La più grande invenzione dopo l’acqua corrente
Testo di Alessandra Laudati
Nell’indimenticabile Mon oncle, il protagonista, alle prese con la cucina moderna della sorella, si trova intrappolato in una tecnologia sconosciuta e ostile. Il film, Oscar nel 1959, è una satira riuscita in cui il regista e attore Jacques Tati coniuga lo sguardo surrealista a una comicità che mette a confronto due diversi mondi: quello iper-moderno e tecnologico della famiglia Arpel e quello bucolico-popolare di Monsieur Hulot, fratello della padrona di casa. La scelta del soggetto non è casuale: proprio in quel periodo si sta imponendo il successo delle cucine componibili, «all’americana». Tutto quello che è innovativo sembra provenire da Oltreoceano. La storia però è un’altra. Inizia in Europa e ha una donna come protagonista.

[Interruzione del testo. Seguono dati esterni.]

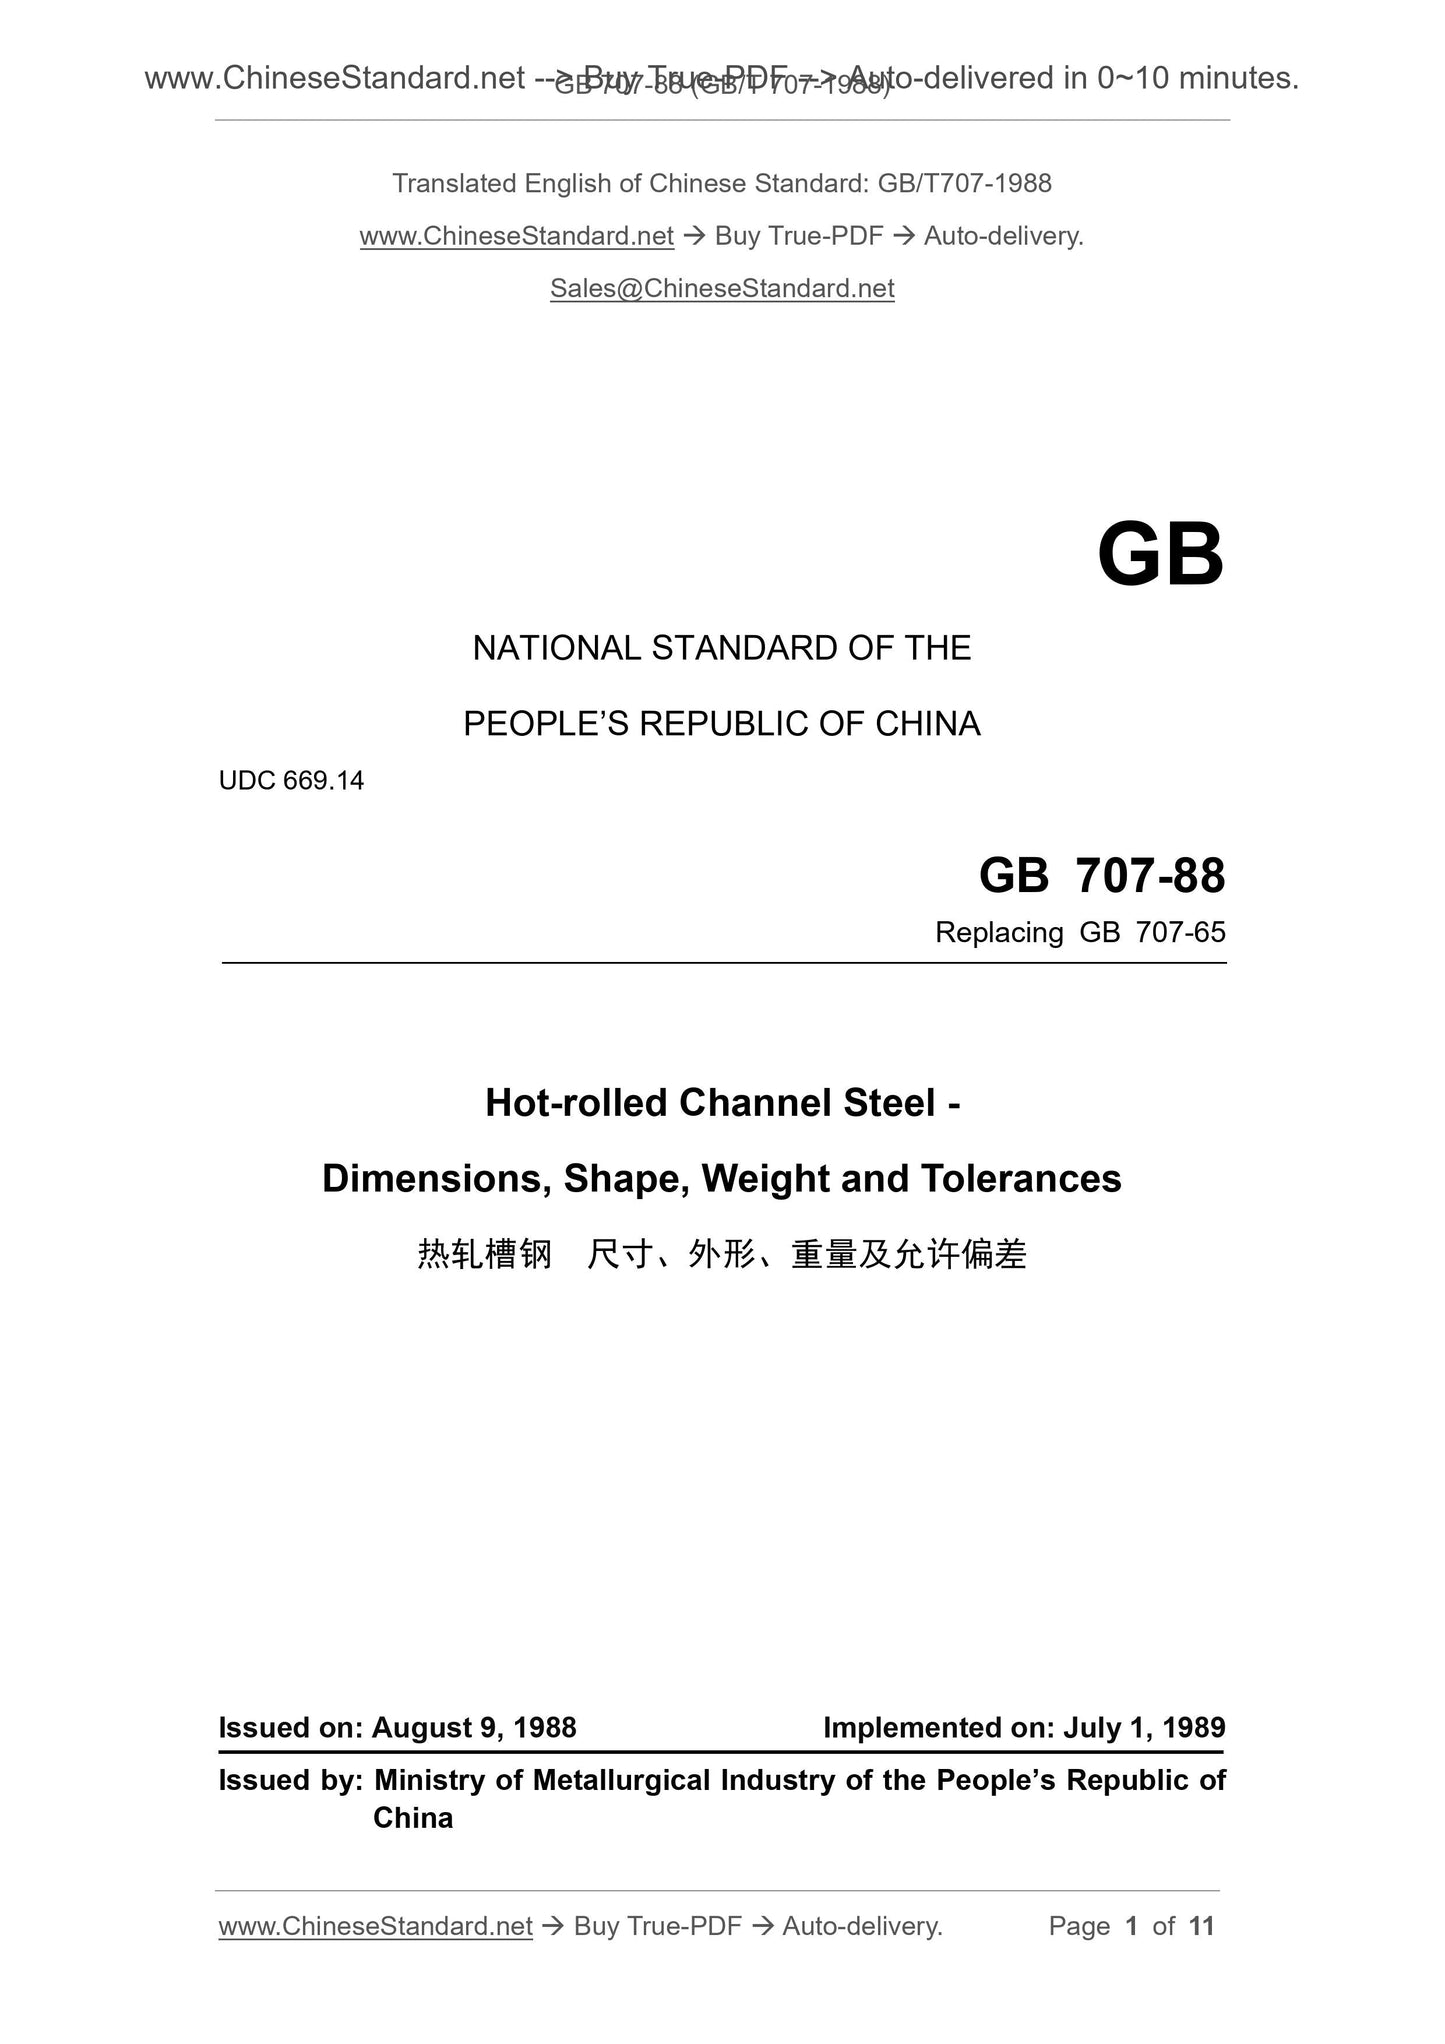 GB/T 707-1988 Page 1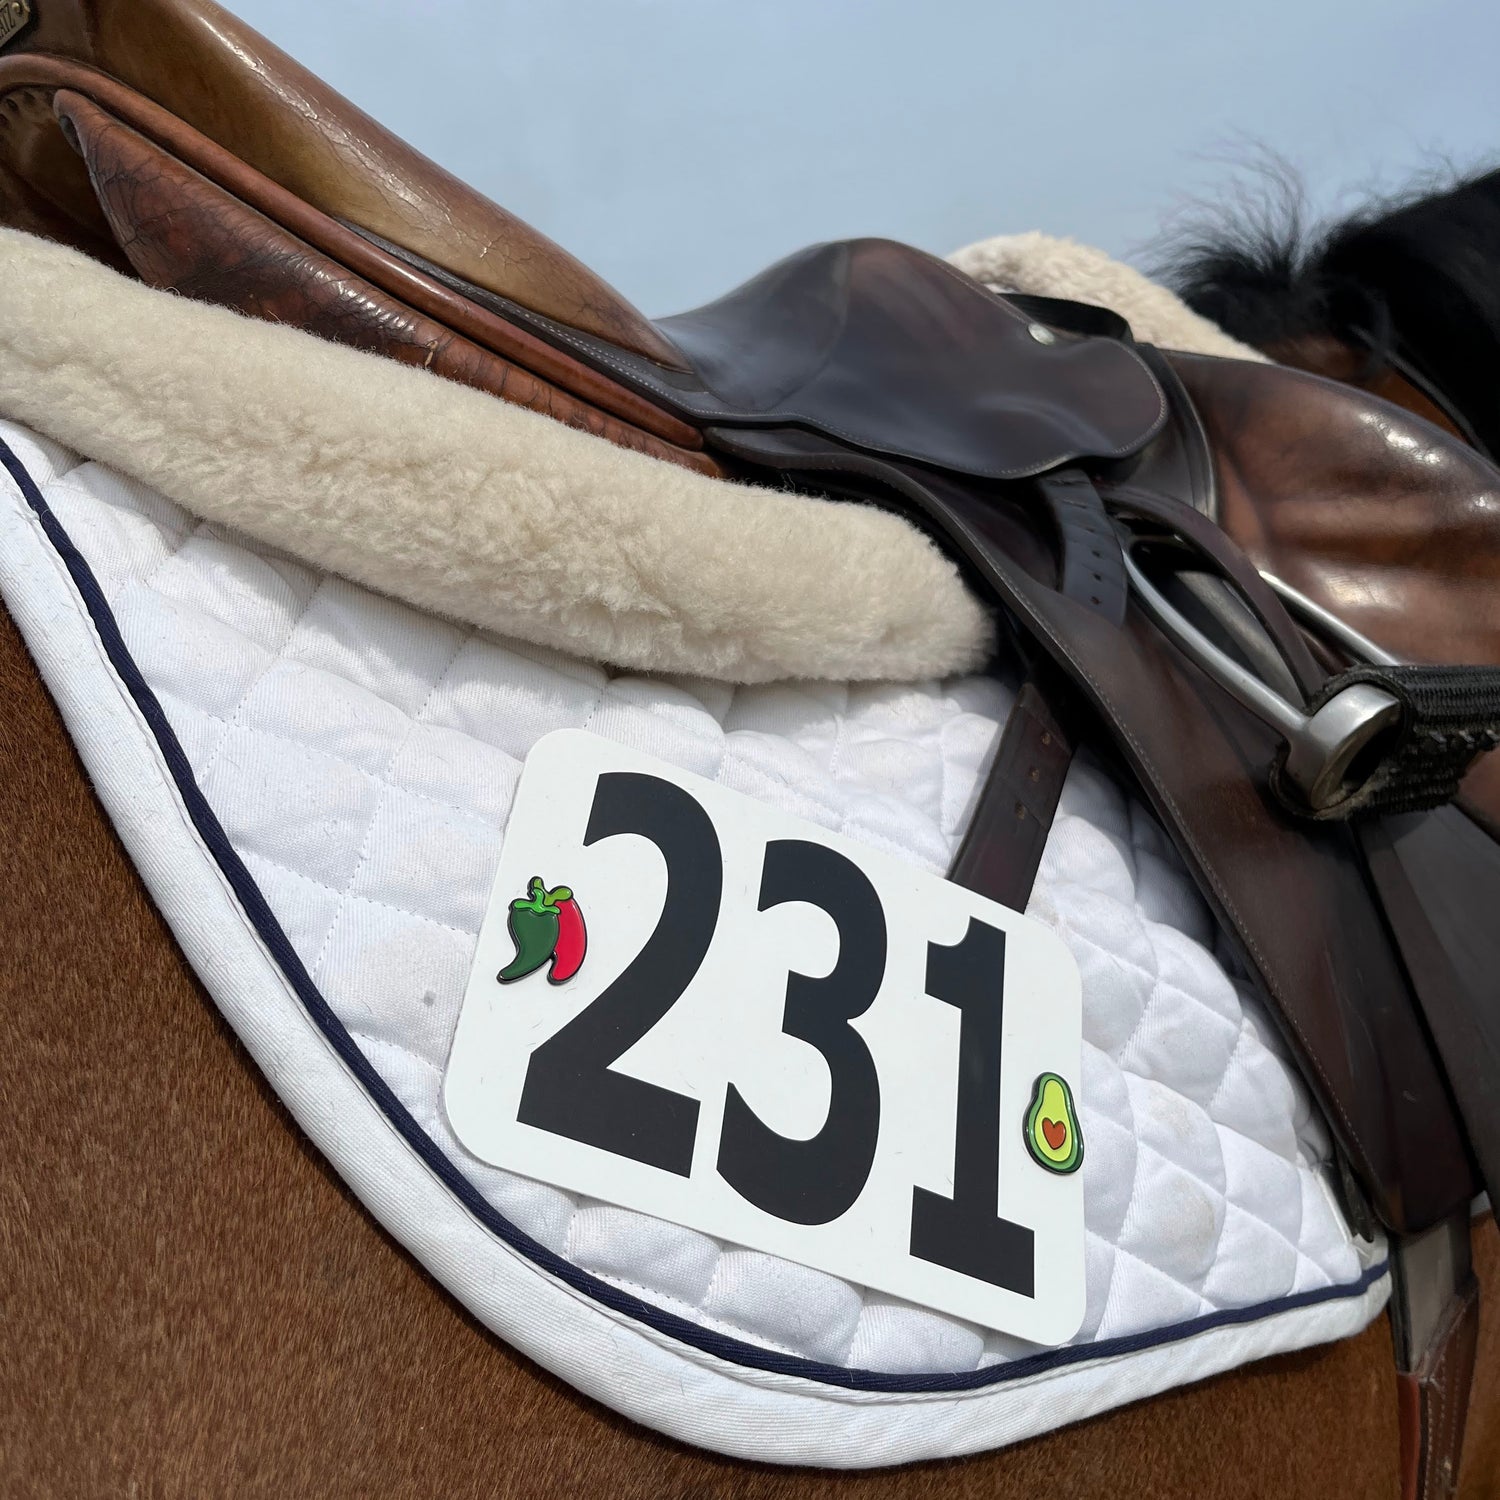 Pinsnickety Chili Peppers and Avocado horse show number pads mixed together on a saddle pad

Margarete Schütte-Lihotzky nasce a Vienna nel 1897 e sempre a Vienna morirà nel 2000, solo cinque giorni prima di compiere 103 anni. Una donna coraggiosa, protagonista del mondo dell’architettura tra le due guerre (è la prima austriaca a svolgere la professione di architetto) e testimone di un secolo; con le sue idee, il suo impegno politico, qualche utopia e molta concretezza. Coinvolta negli eventi più importanti di un periodo che vede cambiare gli assetti del mondo, cresce in una Vienna eclettica e ricca di sperimentazioni culturali: un laboratorio della cultura d’avanguardia dove l’eccezionale costituisce la regola.
Nel 1915 si iscrive alla k. k. Kunstgewerbeschule, Scuola Imperial Regia di Arti e Mestieri. Inizialmente a un corso di illustrazione, per poi passare allo studio dell’architettura. Come docenti ha Oskar Kokoschka, Josef Hoffmann e Oskar Strnad, famoso per il suo insegnamento capace di trasmettere agli allievi metodo di lavoro analitico ma anche sensibilità e attenzione per i problemi sociali. Margarete comprende subito che «le forme non nascono per caso nel cervello ma che ogni espressione artistica ha a che fare con il modo di pensare, il carattere,
la visione del mondo». L’Austria, al primo suffragio universale, vede la vittoria della socialdemocrazia: l’attenzione ai problemi sociali, l’impoverimento e la carenza di alloggi causata dalla Prima guerra mondiale, viene affrontata a Vienna da amministratori avveduti che affidano ad Adolf Loos, tra gli altri, la progettazione delle «Case a schiera per i lavoratori» e delle «Case di piccole dimensioni».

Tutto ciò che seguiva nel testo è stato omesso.